Building Language Model and Text Generation using Recurrent Neural Networks

Published by Phuc Phan on

With the lastest developments and improvements in field of Deep Learning and Artificial Intelligence, many axacting task of Natural Language Processing are becoming facile to implement and execute. Text Generation is one such task which can be architectured using Deep Learning models, particulary Recurrent Neural Networks. An example of text generation is recently released Harry Potter chapter which was generated by Artificial Intelligence.
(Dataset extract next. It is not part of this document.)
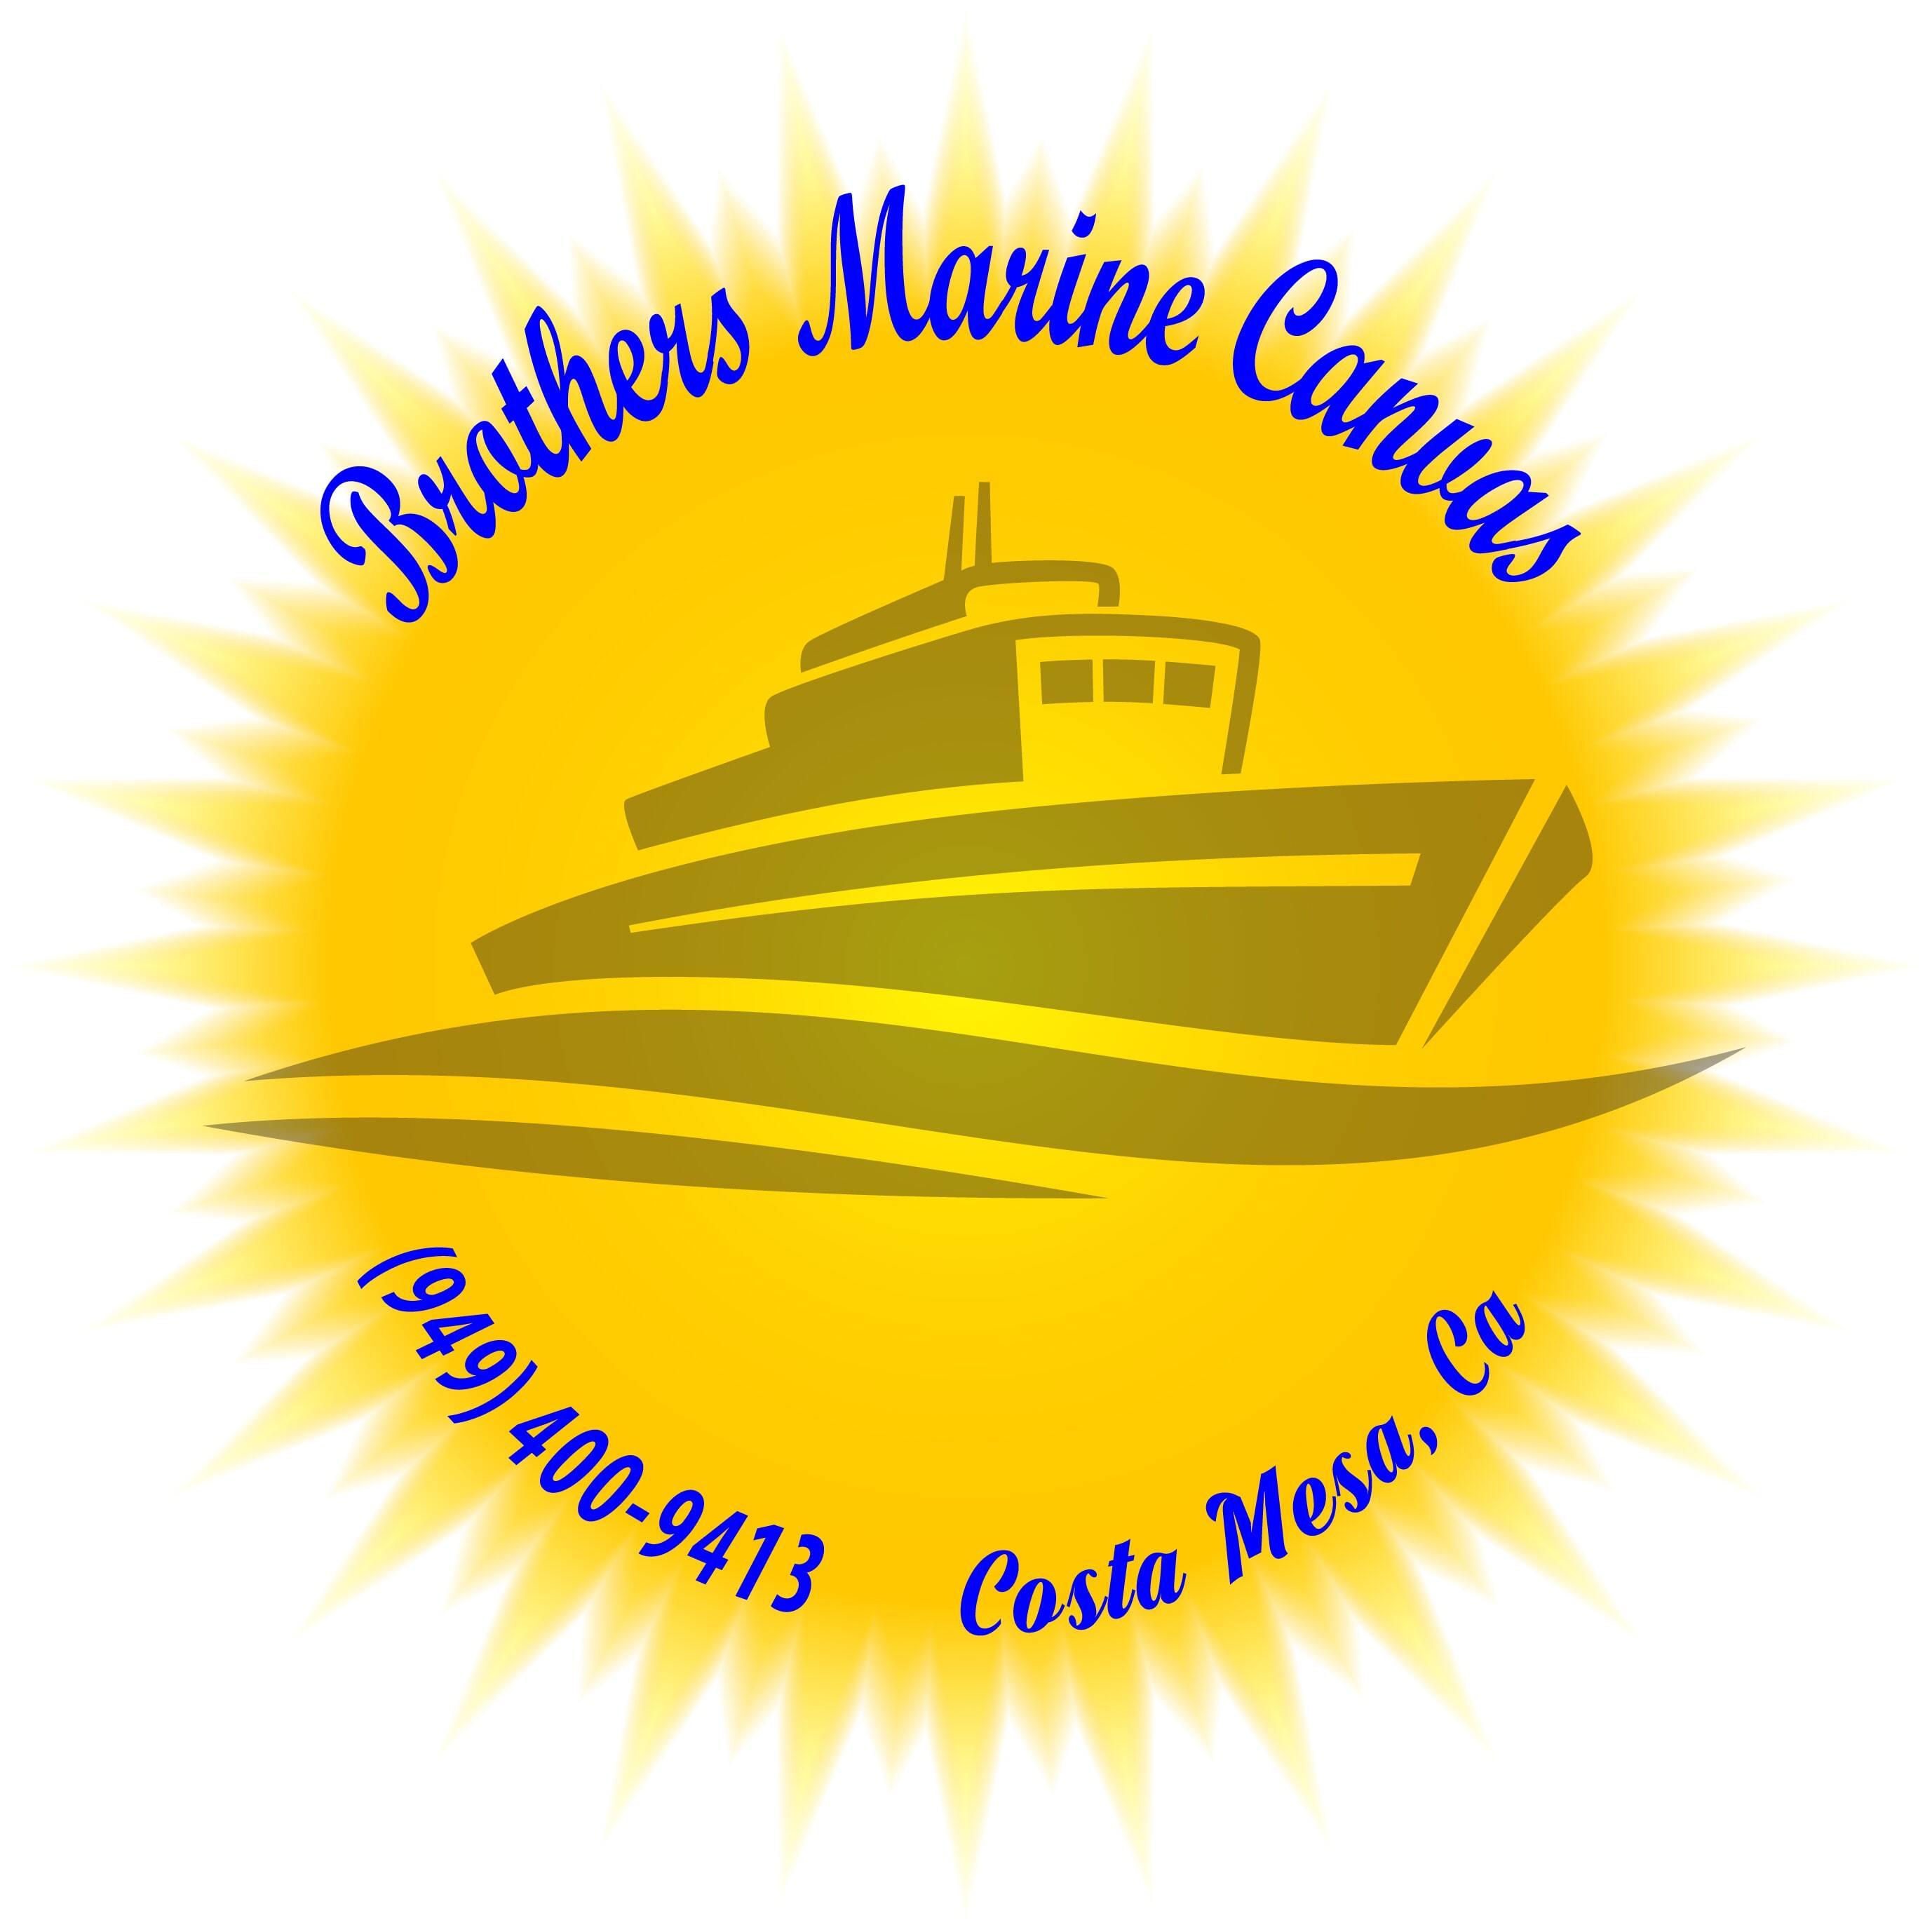 Brothers Marine Canvas - Costa Mesa, CA 92627 - (949)400-9413 | ShowMeLocal.com

Text Generation is a type of Language Modelling problem. Language Model is the core problem for a number of natural language processing tasks such as speech to text, conversation system, and text summarization. A trained language model learns the likelihood of occurrence of a word based-on the previous sequence of words used in the text. Language models can be operated at character level, n-gram level, sentence level, or even paragraph level.

In this post, I wil present how to create a language model for generating natural language text by implement and training Recurrent Neural Network. I use Python programming language and library Pytorch for this purpose. The objective of this model is to generate new text, given that some input text is present. In this project, we’ll generate ous own Seinfeld TV scripts using RNNs. We’ll be using part of the Seinfeld dataset of scripts from 9 seasons. The Neural Network we’ll build will generate a new ,”fake” TV script, based on patterns it recognizes in this training data. There will be three main parts: dataset preparation, model training, and generating prediction through 7 steps.
Lets start building the problem.

Step 1: Create the lookup tables function
For this step, we will implement the create_lookup_tables function. We are given the TV scripts, which have been split into words as the function’s parameter. Function need to return a tuple of our distionarys.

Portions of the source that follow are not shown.